■ PROVIDED MATERIAL ■

◆ ◆ ◆ ◆ ◆ ◆ ◆

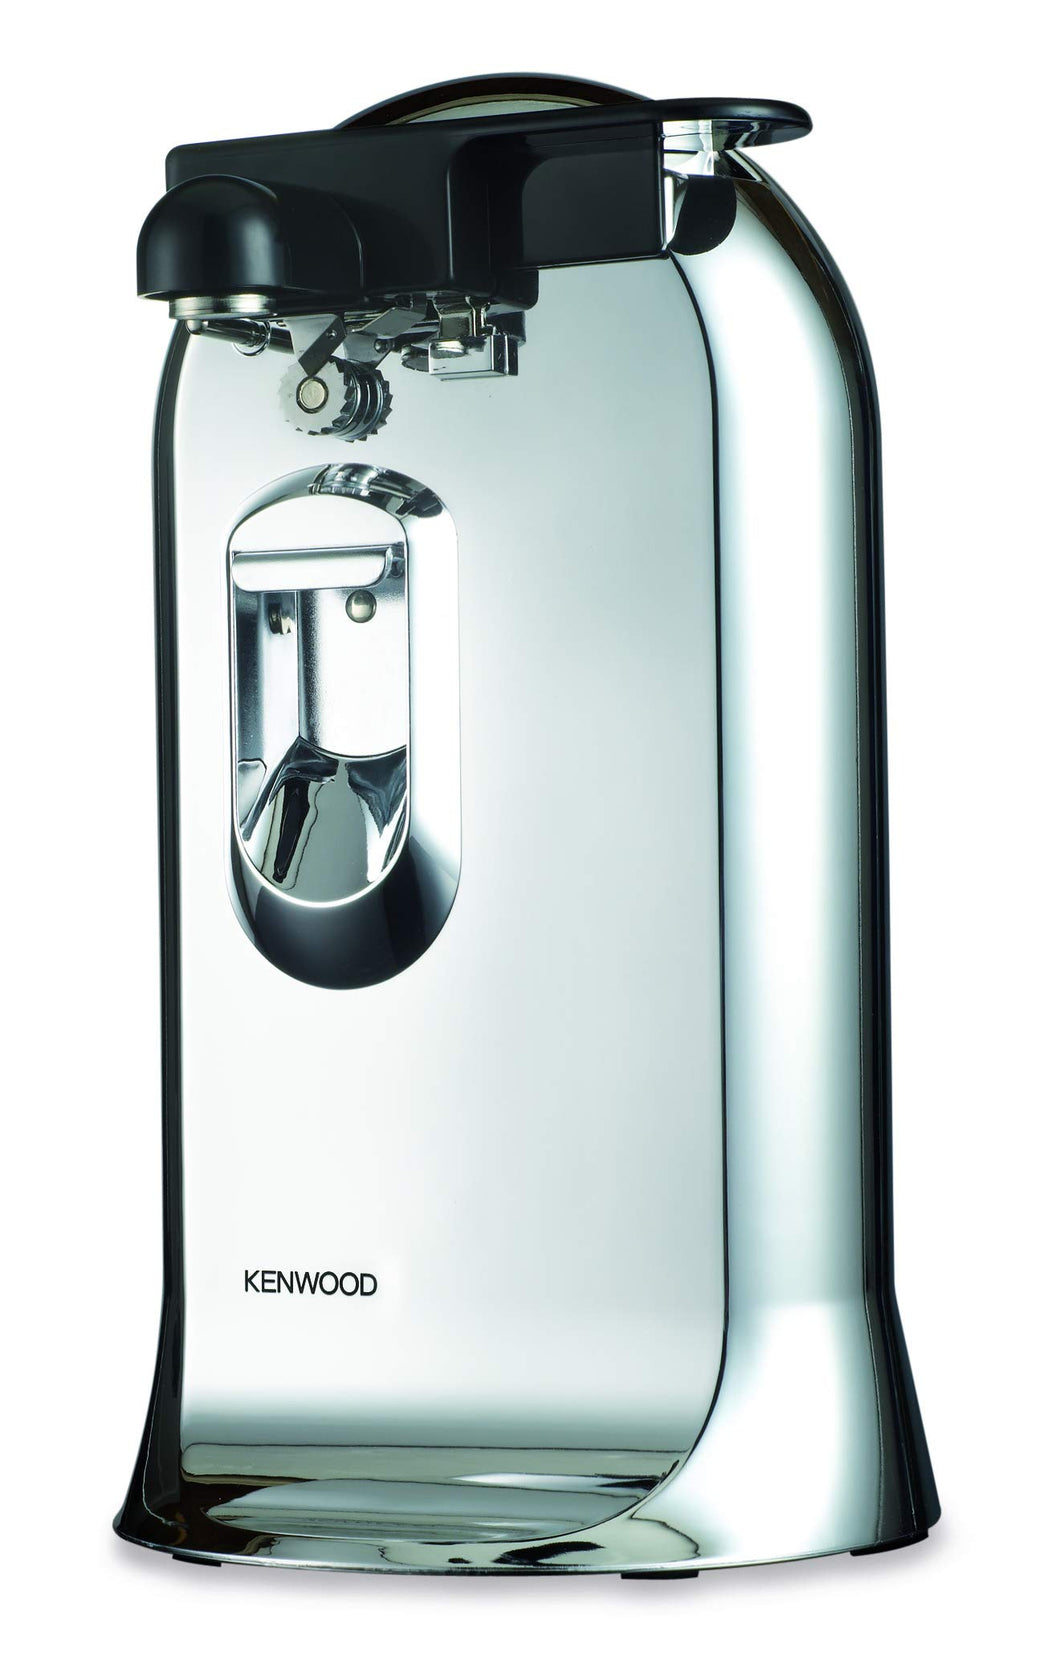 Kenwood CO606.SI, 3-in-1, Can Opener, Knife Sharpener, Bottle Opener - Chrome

◆ ◆ ◆ ◆ ◆ ◆ ◆

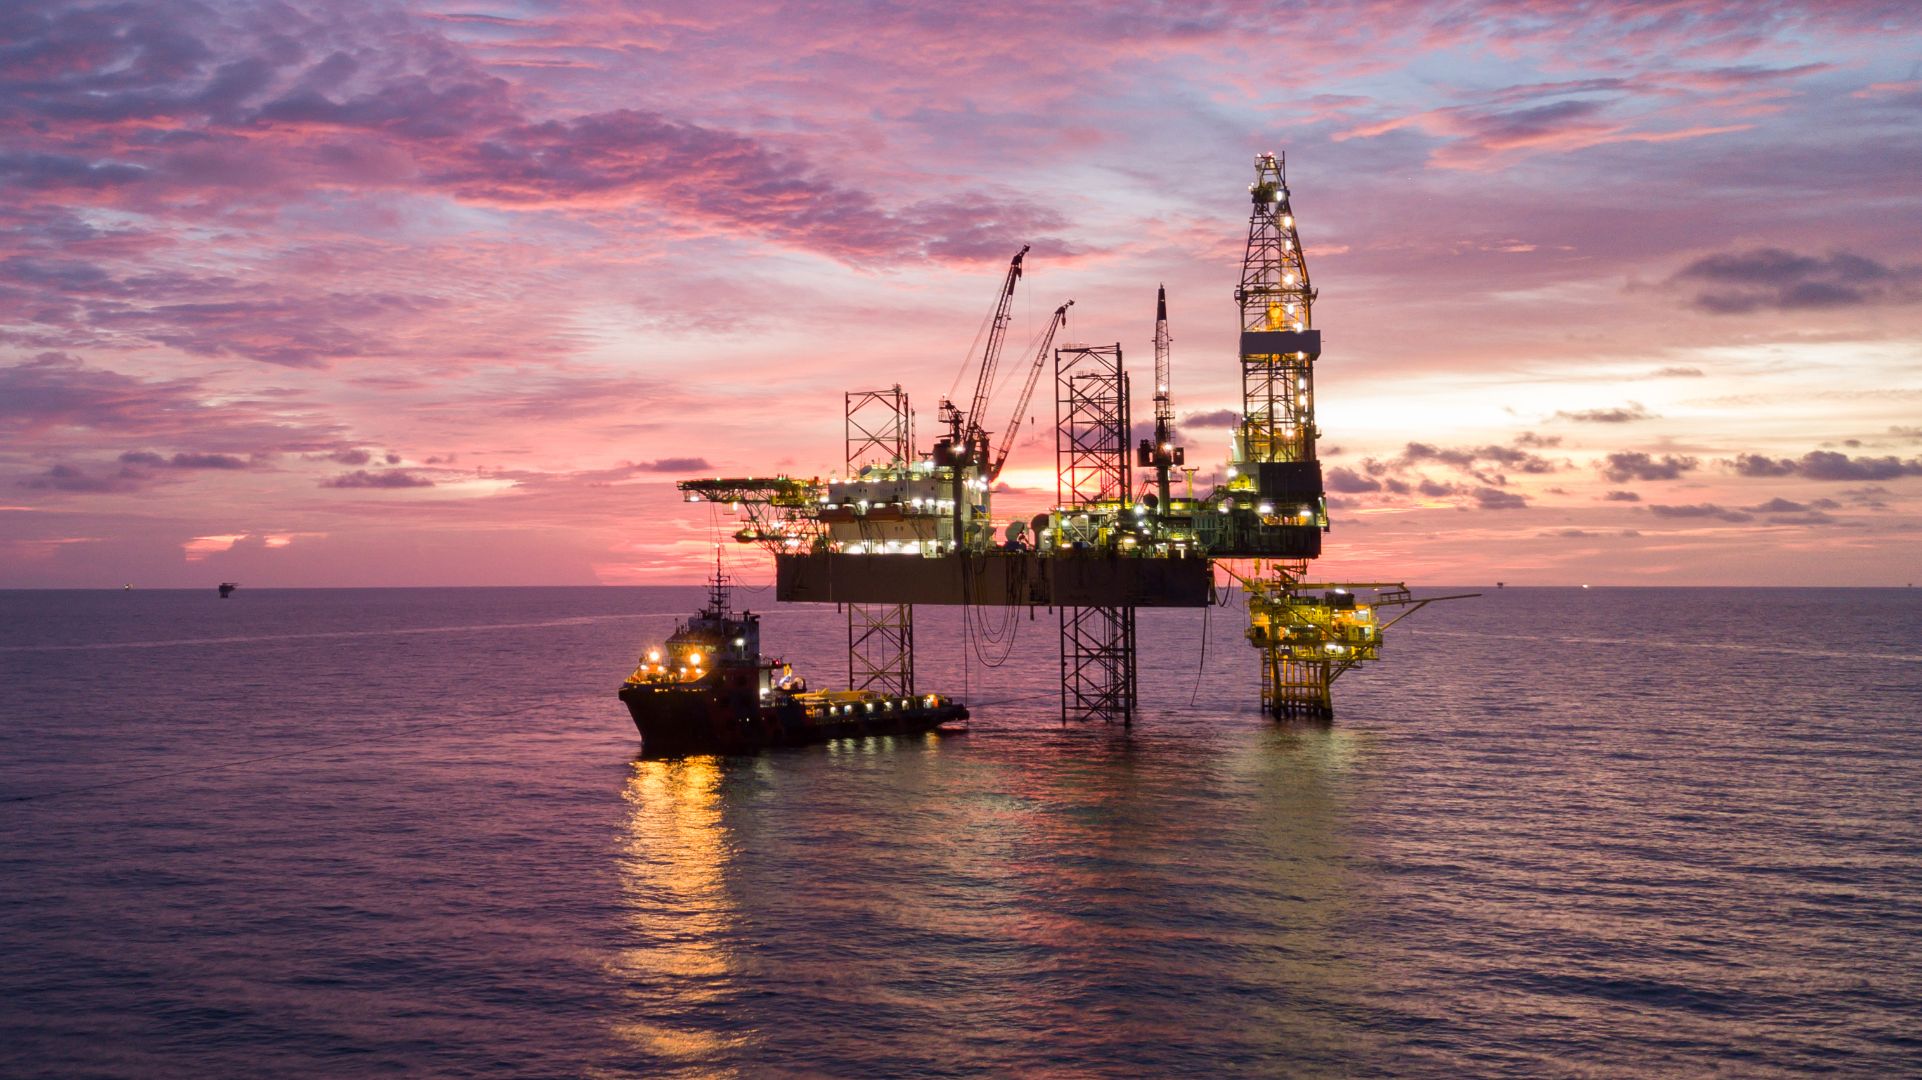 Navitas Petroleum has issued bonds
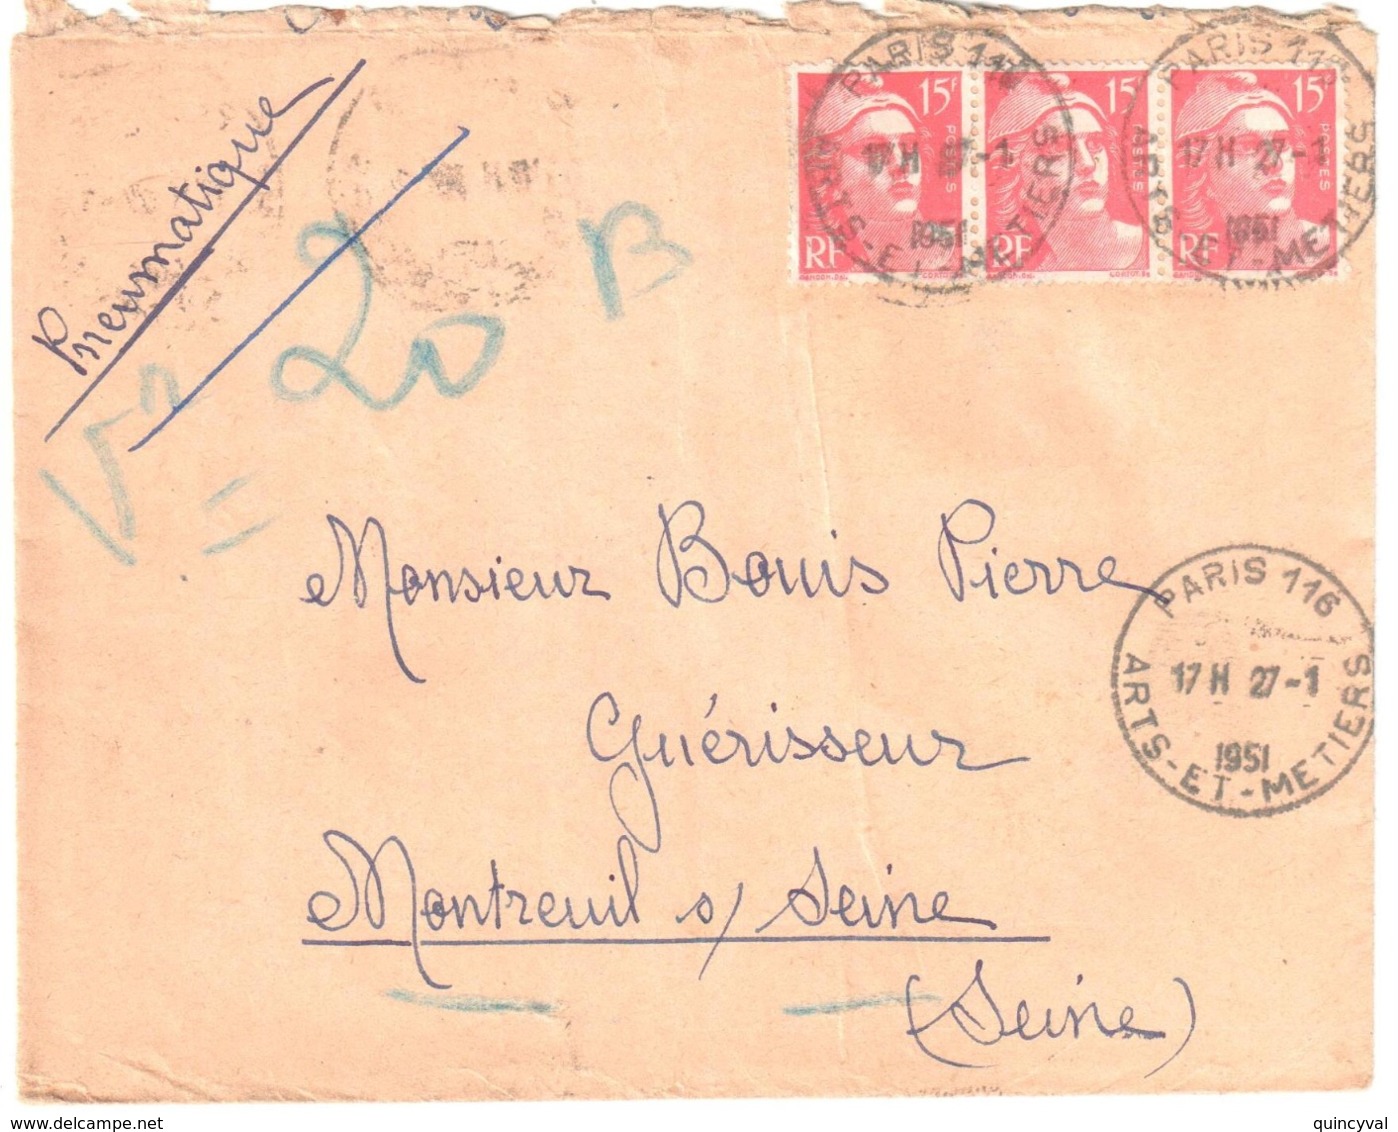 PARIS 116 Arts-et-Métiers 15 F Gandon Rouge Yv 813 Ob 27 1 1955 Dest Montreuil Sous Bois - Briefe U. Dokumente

◆ ◆ ◆ ◆ ◆ ◆ ◆

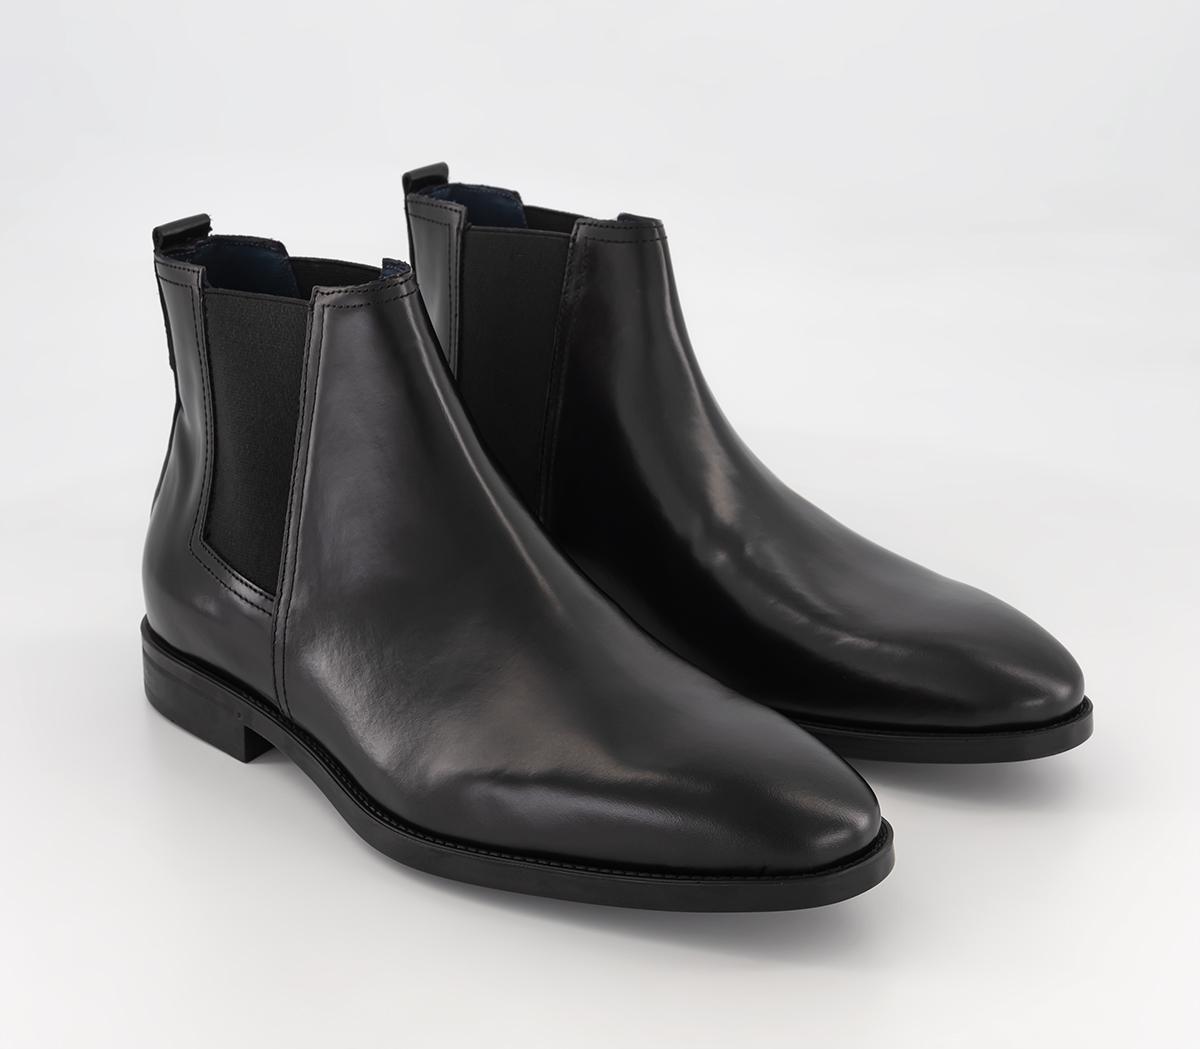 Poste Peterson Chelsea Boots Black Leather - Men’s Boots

◆ ◆ ◆ ◆ ◆ ◆ ◆

■ TASK ■
Go back to the listing above and write out the lines starting at the one with "Navitas Petroleum has issued bonds" and ending at the one with "PARIS 116 Arts-et-Métiers", inclusive, exactly and without pictures.

■ ANSWER ■
 Navitas Petroleum has issued bonds
 PARIS 116 Arts-et-Métiers 15 F Gandon Rouge Yv 813 Ob 27 1 1955 Dest Montreuil Sous Bois - Briefe U. Dokumente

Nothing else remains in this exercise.